Pernicious Link Rot
Felix Salmon, the finance blogger at Reuters, has written a thoughtful piece in the wake of Google’s impending mass deletion of adult Blogger blogs:
But with today’s news that Google seems to be about to vaporize a significant number of the blogs on its Blogger platform, it’s becoming increasingly clear that the problem of link rot isn’t going away – if anything, it’s getting worse.
I’m a great believer that once something is placed on the internet for free, it should continue to stay there, for free, unless there’s an extremely good reason to delete it. Back when hosting websites was difficult and expensive, that was easier said than done. But now web hosting is effectively free, there’s really no excuse – and one might hope that, as a result, we’d see less link rot.
But that’s not what’s happening.
…
These mass deletions are huge; they make me feel almost sheepish about the anger with which I greeted, say, Greg Mankiw’s decision, back in 2007, not only to close his blog to comments, but at the same time to delete all the previous comments which had been made, with no warning. All the conversations which had taken place in his comments section, all the smart rebuttals which had been made – all of them just disappeared, overnight. Today, I’d barely blink at such a thing…
I share Mr. Salmon’s sheepishness. I haven’t forgotten the passion I brought to my 2006 rant about people who contribute to link rot by deleting blogs for no good reason; I’ve hated it since Susannah Breslin deleted her “The Reverse Cowgirl’s Blog” sometime between August 2 and October 5 of 2003. But in 2006, I never foresaw mass deletions of social media by corporate policy.
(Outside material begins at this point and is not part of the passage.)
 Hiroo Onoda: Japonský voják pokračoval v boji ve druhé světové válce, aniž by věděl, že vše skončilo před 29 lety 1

I’d have scoffed if you had told me that in 2013 this would be a normal business practice for profitable corporations, rather than outrageous behavior condemned by all.
Similar Sex Blogging:
Shorter URL for sharing: https://www.erosblog.com/?p=10152
I don’t comment much.. I suppose never. Just wanted to drop a note to say I enjoy the blog. I most enjoy the respectful – but not sanctimonious – presentation of, well, titilation. A close second would be reading your take on the ins-and-outs-and-life-as a blog manager.
That’s all.
It’s good reading.
Thank you, Sean! That’s always good to hear, and nice of you to say so.
Bacchus, I think we’re part of an older generation of Internet users. I care about “links” and agonize about “link rot”, I bookmark pages for later reading and keep those bookmarks archived indefinitely, I use my collected bookmarks as my preferred way to “surf” the Internet, follow links to discover new websites… Heck, *I manually type in URLs* for websites I remember the URL to, or when I read it in print or something.
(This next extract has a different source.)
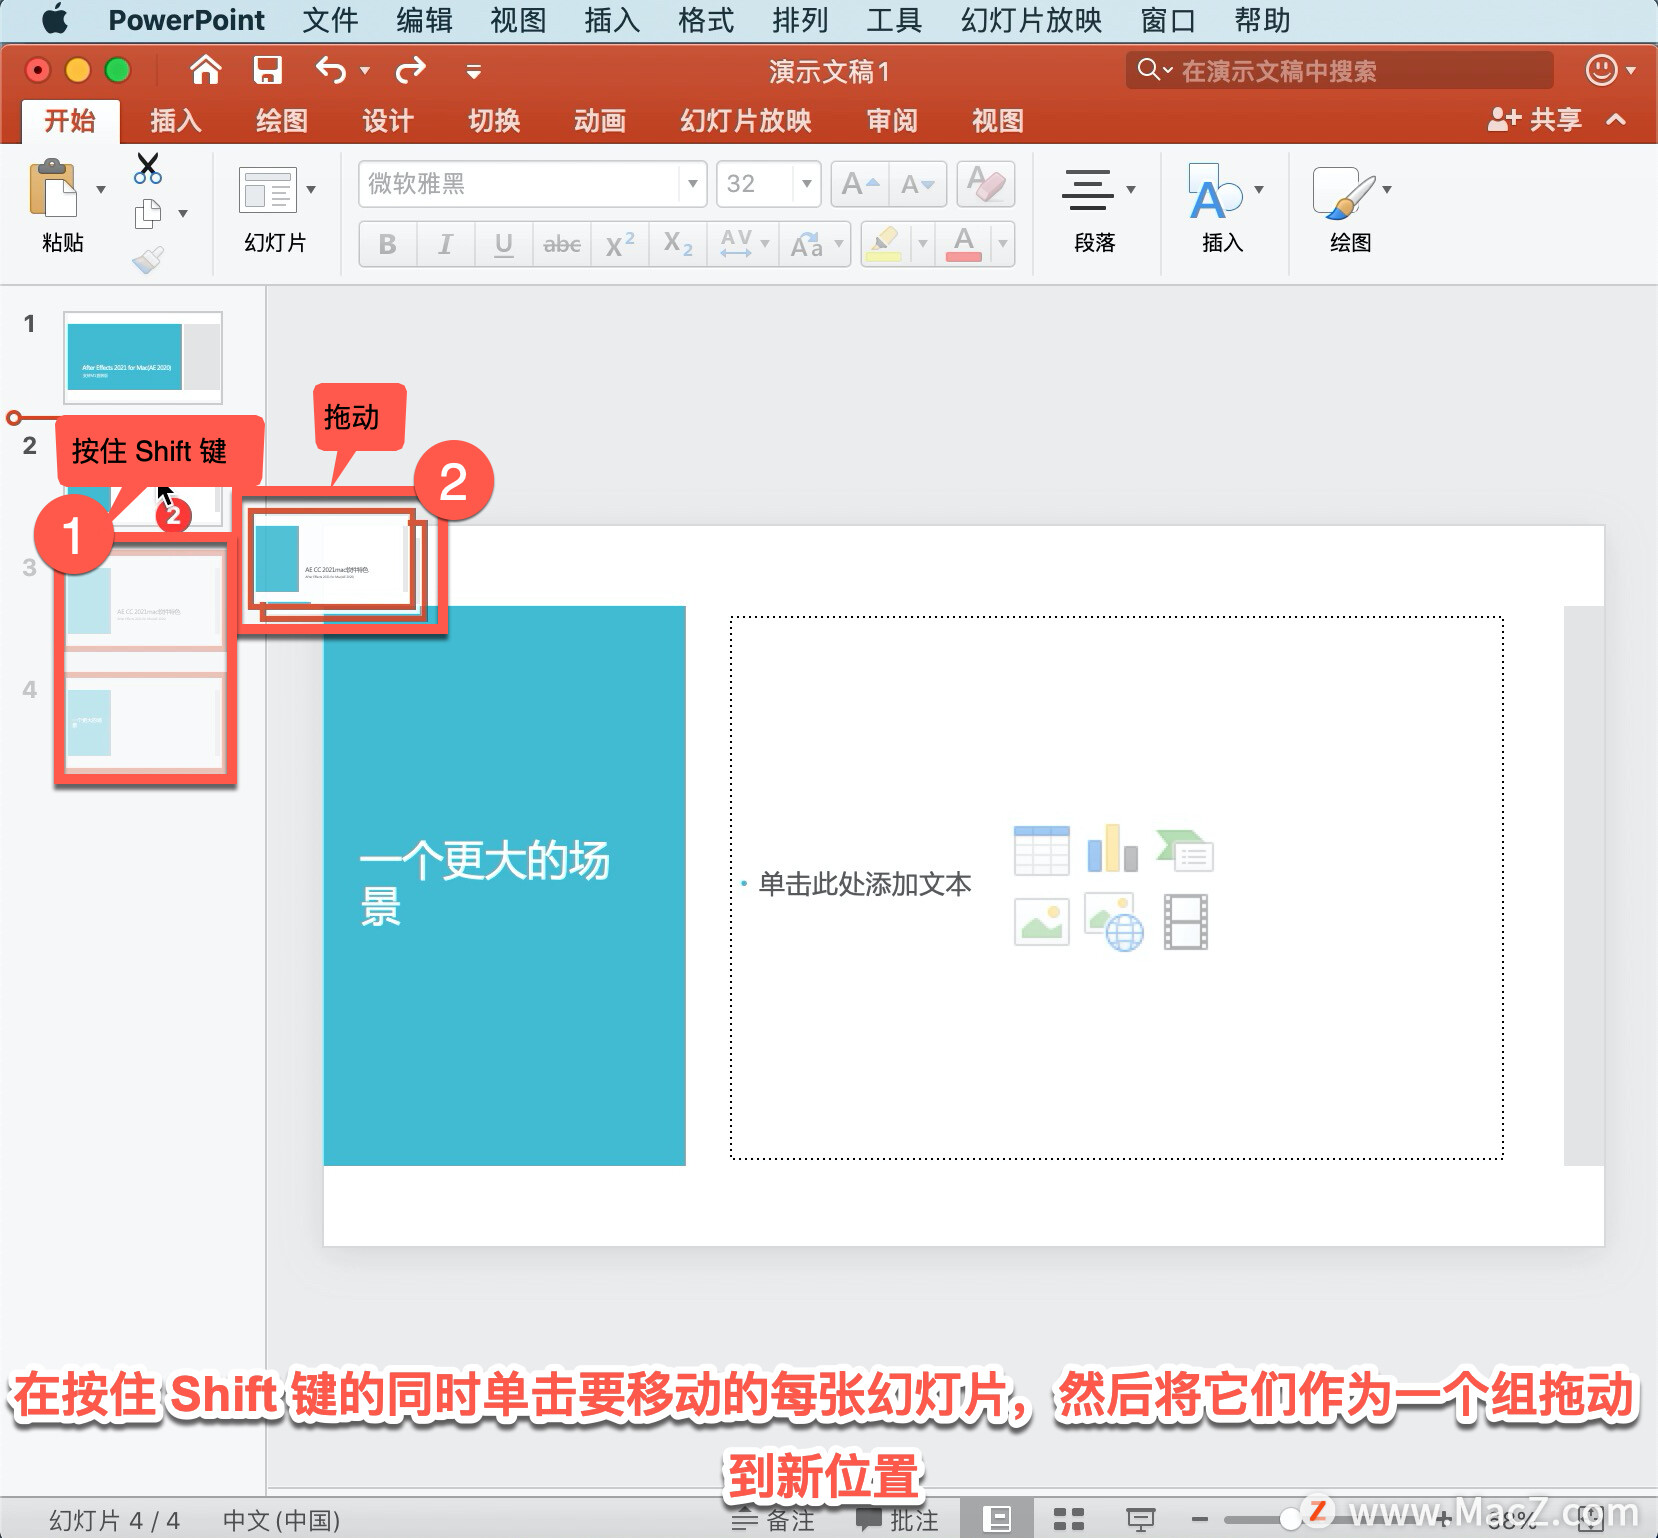 PowerPoint 教程「3」，如何在 PowerPoint 中添加、重新排列、复制和删除幻灯片？

Nowadays, the Google-run & Facebook-run Internet doesn’t want anything of that. They want people to “effortlessly” navigate the web via keywords, while *THEY* control which destination those keywords actually point to. I could write down a URL, by heart, in ink on paper, and hand it to my young brother or aging mother (who are effectively the same “generation” of Internet users), and what are they going to do with it? Type it into a Google search box. “Kids these days”, etc.
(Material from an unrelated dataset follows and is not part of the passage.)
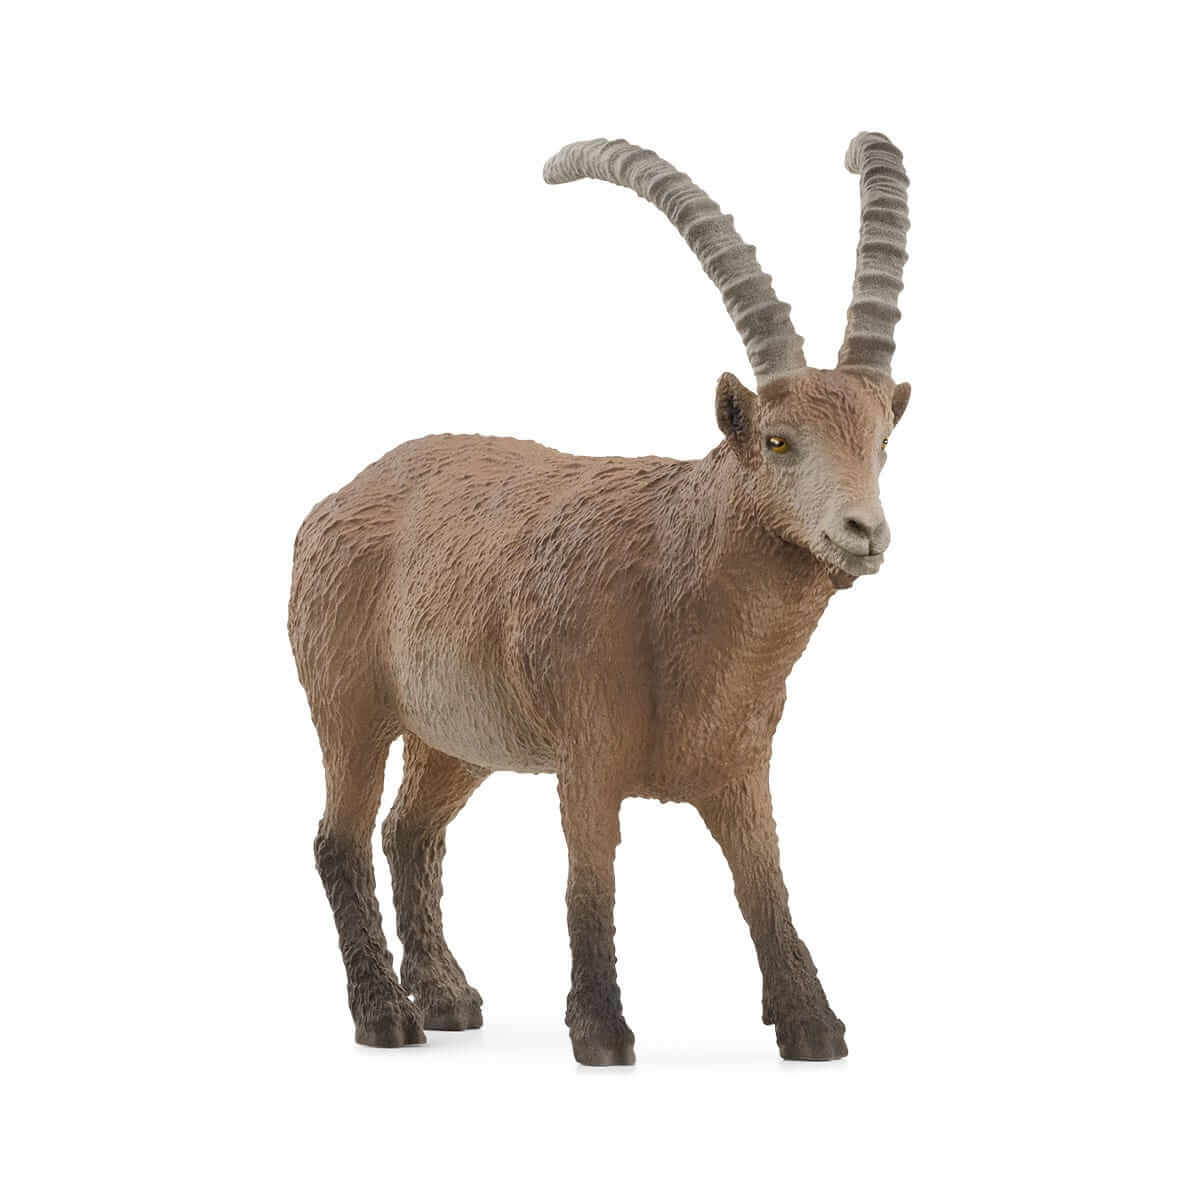 Schleich Wild Life Ibex Animal Figure

Nowadays, In corporate-run Internet, information ages fast, by design: “news” from last week are deemed worthless, passé! Who cares, then, that such “obsolete” information is made impossible to retrieve? “Content management” back-office software for “Search-Engine-Optimized” sites is, more often than not, set not to generate a timestamp or, worse even, to generate a fake one: whenever you search for it, the page will register as freshly generated today. Thus, information is removed from context.
Misbehaving corporations profit from erasing tracks and messing with people’s perception of time. History (in the sense of a faithful record of previous deeds and facts) and the establishment are natural enemies, and the latter always profits from erasing and/or rewriting the former.
All that you say is true, Rafu. But despite all that, a lot of the “deep internet” remains if you know how to navigate and search it. Much that was here is gone, but a lot more is still out there if you look hard enough. And I’m radical about the value of information. There’s no site so worthless that it doesn’t offer some sort of sociological or historical insight for the future. I may be an old man shouting at clouds, but when stuff vanishes forever, I do care.
Amen to that. I’m also an old man shouting at clouds, apparently.